Tuesday, February 23, 2010
Happy Birthday Gram...
My Grandmother passed away this morning, early before the sun came up...
I was up because I had gone to bed early the night before, I meditated and prayed for her passing. She had lost consciousness the night before and I was wishing her transition would be peaceful and she would not have to linger in a place of hearing and feeling but not being able to communicate.
I got to spend time with her and got to tell her I loved her. I am not sad, I am grateful.
My gram lived a long life and many of the years of her life were spent caring for me and my siblings because our parents could not. She wasn't warm and cuddly, she was strong and good. We could depend on her to come and rescue us in the middle of the night from a sleep over we were not ready for, to get us to a doctor when we were sick, to make sure we always had something to eat and a safe person to call when we were afraid.
My gram was my mothers care-taker, my mother never quite got that, still doesn't. Gram spent her whole life worrying about and taking care of her. Without my gram my mother wouldn't have survived. My mother has always dealt with mental illness and drug addiction, gram never judged her and was always took her side. It is sad that her life was spent giving to her and there are times I have been angry about how much sacrifice that was but my gram knew how to love unconditionally.
My gram did not shower us with gifts, she didn't kiss us good night or tell us she loved us. She didn't braid our hair or take us to Sunday tea, she didn't make us dresses, fuss over us or own a brag book. My gram was not our cushion, she was our protector and our rock.
What gram gave me was good advice, she taught me cook, garden, honor family, work hard, play cards, fish, and showed me how to make something beautiful from almost nothing at all.

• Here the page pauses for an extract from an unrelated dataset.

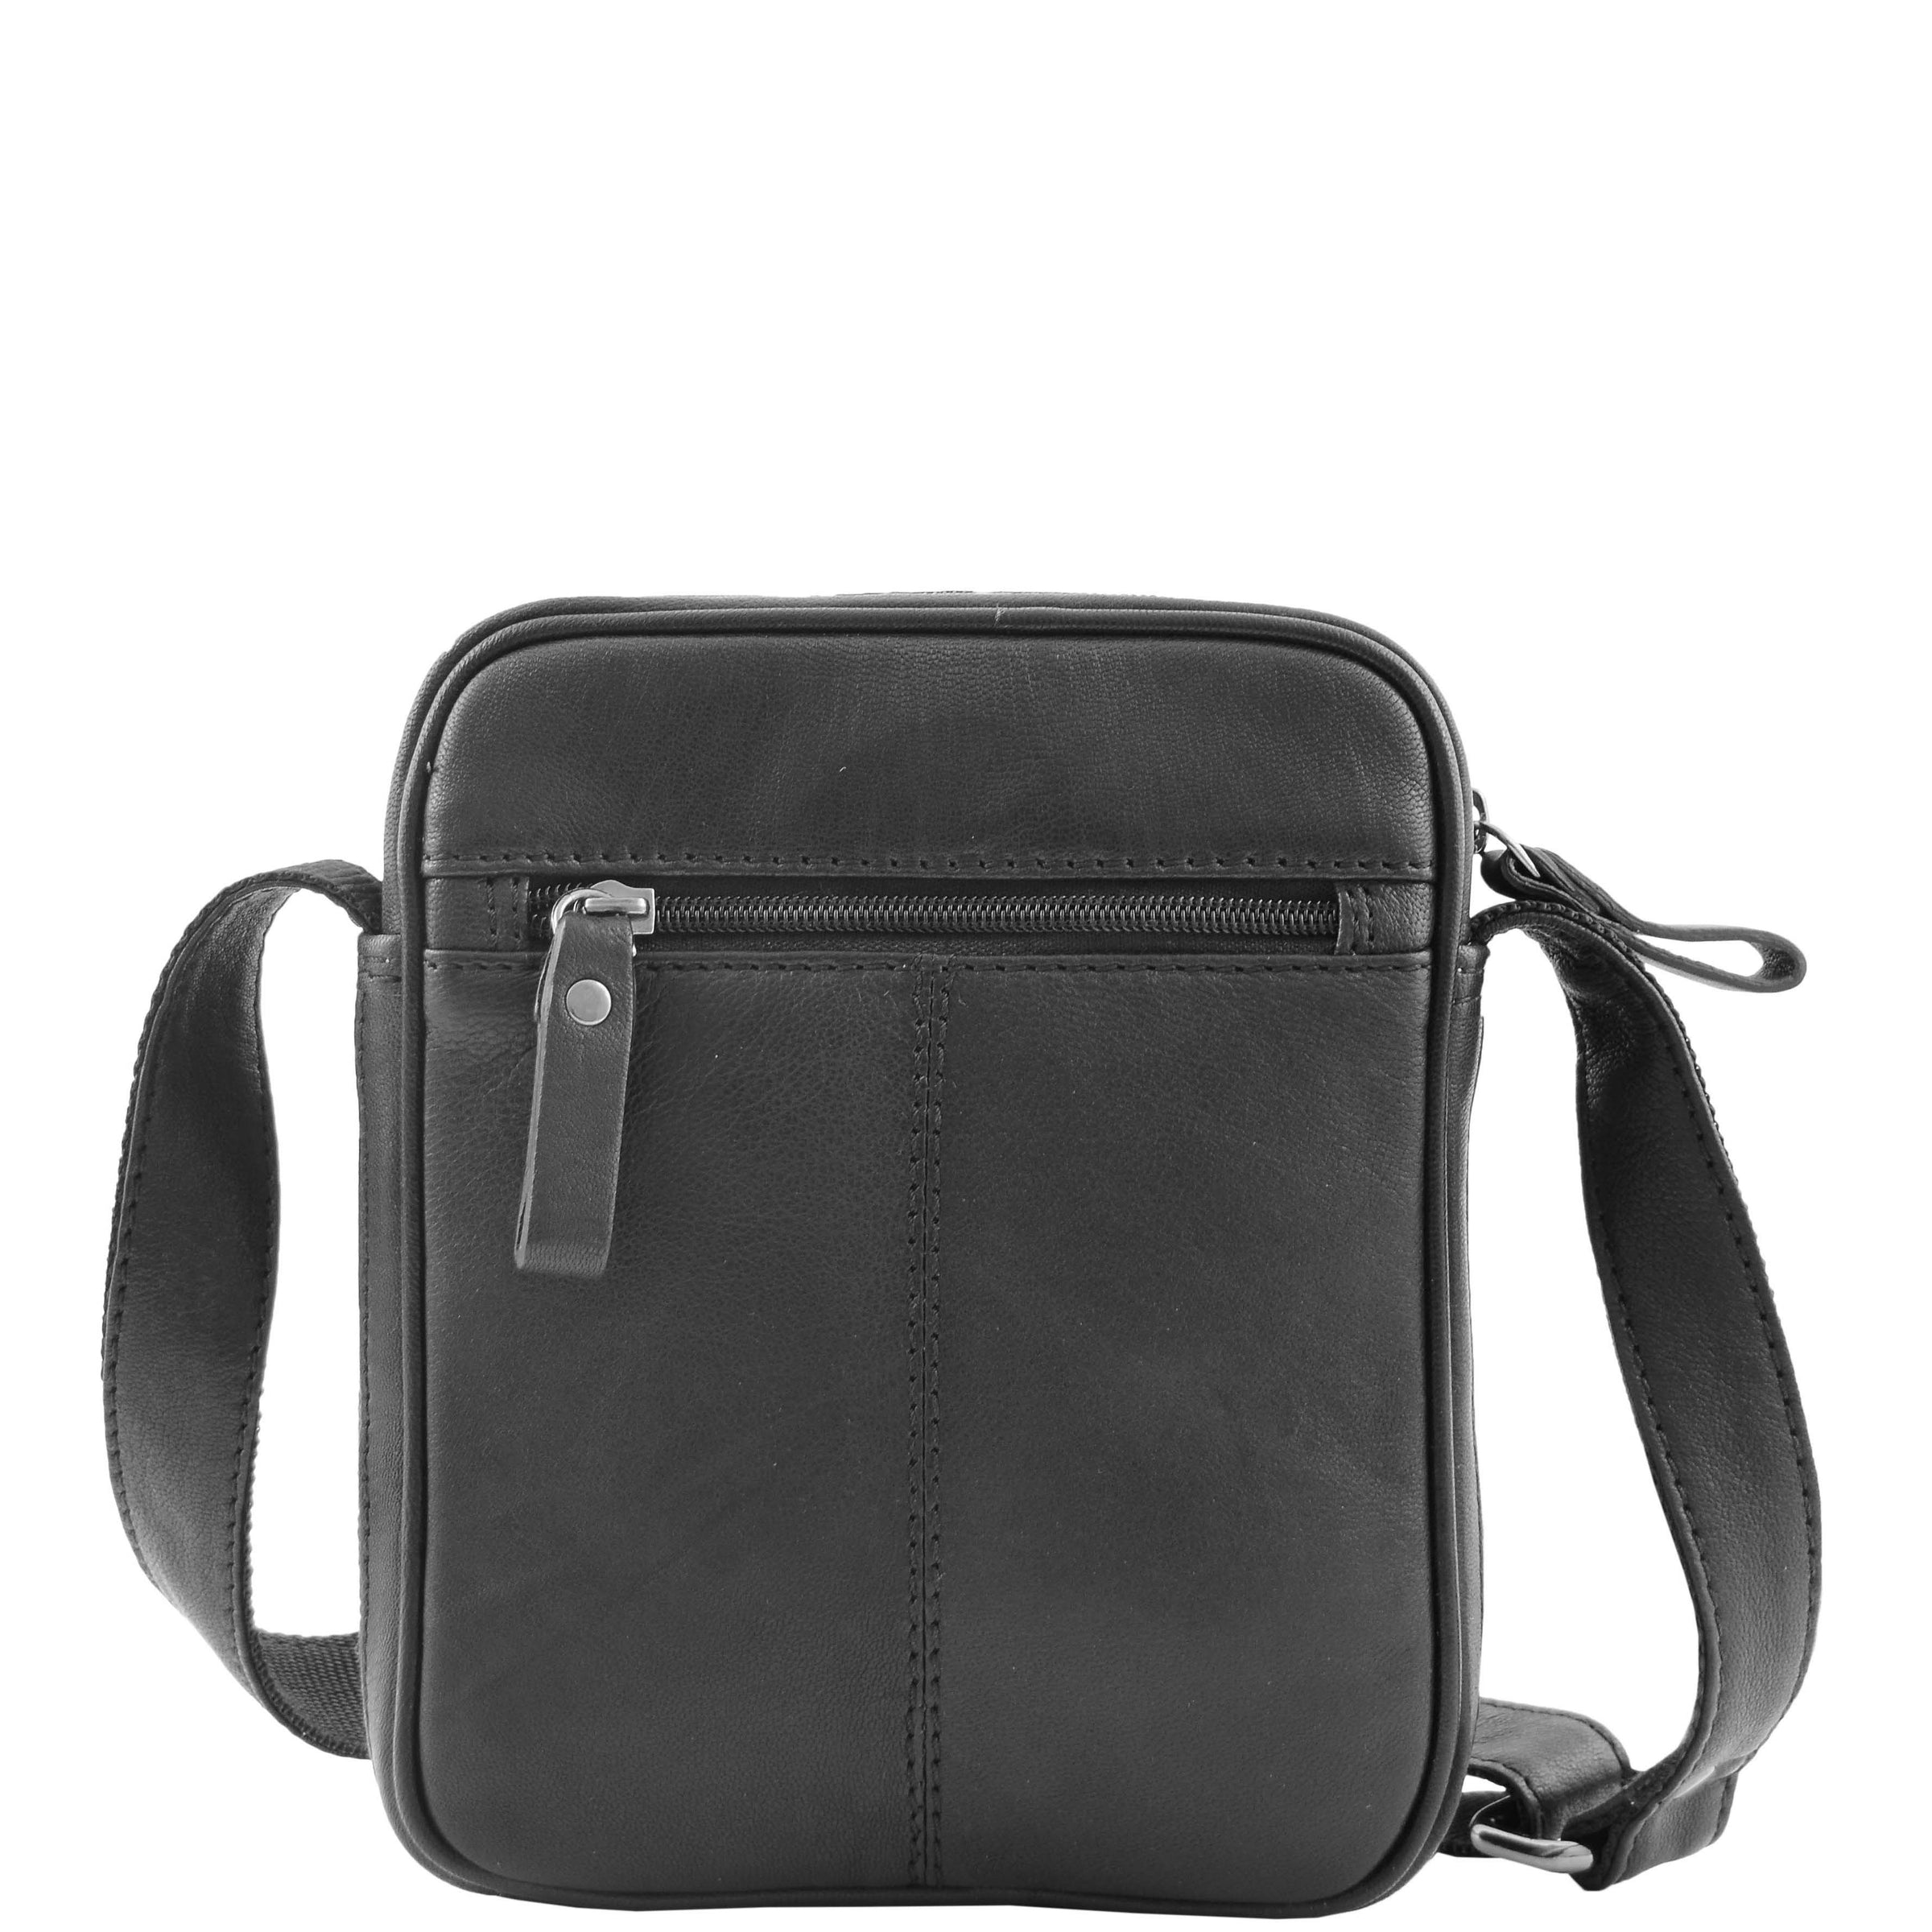 Mens Leather Cross Body Small Flight Bag Parkham Black - House of Leather

She told me stories that would last my whole life.
She believed in simple things like a good meal, a night sky, the sound of the ocean, that a long drive could clear your head, and a good nights sleep could be found in a comfy chair with a book on your lap. A party was not a party without lots of food and music, the best place for a party was under the big tree in her yard. A pic-nic table could be made from an old door and comfort could be found at the kitchen table. Family first...always.
At Stevie's funeral my gram took my hands in her delicate brown hands that looked like leathery road map, looked at me with her magnified mosquito eyes and said, "It should have been me, I am ready to go, it should have been me" She told me she loved me very much. She never had to say it before because I always knew she loved me but hearing it on that day split me down the middle. The unfairness was obvious but as it turned out my gram still needed to be here and losing Stevie tought me how to care for my gram in her last days. She lit a candle everyday for the last three years for my daughter.
Before Stevie died she had a dream that my grandmothers house was beautiful, filled with light and vases of baby pink roses. Stevie said that in her dream they were preparing for a birthday party and Stevie's job was to find my grandmothers baby and bring it to the party. She searched and searched and finally found it under a big tree.
I believe that at five this morning (on my grandfathers birthday) there was a house full of pink roses and healing light, guests waiting anxiously for the arrival of the birthday girl, and my daughter holding the baby my grandmother lost in childbirth so many years ago. The nurse said the last thing gram did was reach her hands out to embrace someone.
Happy Birthday gram, thank you, and I love you too.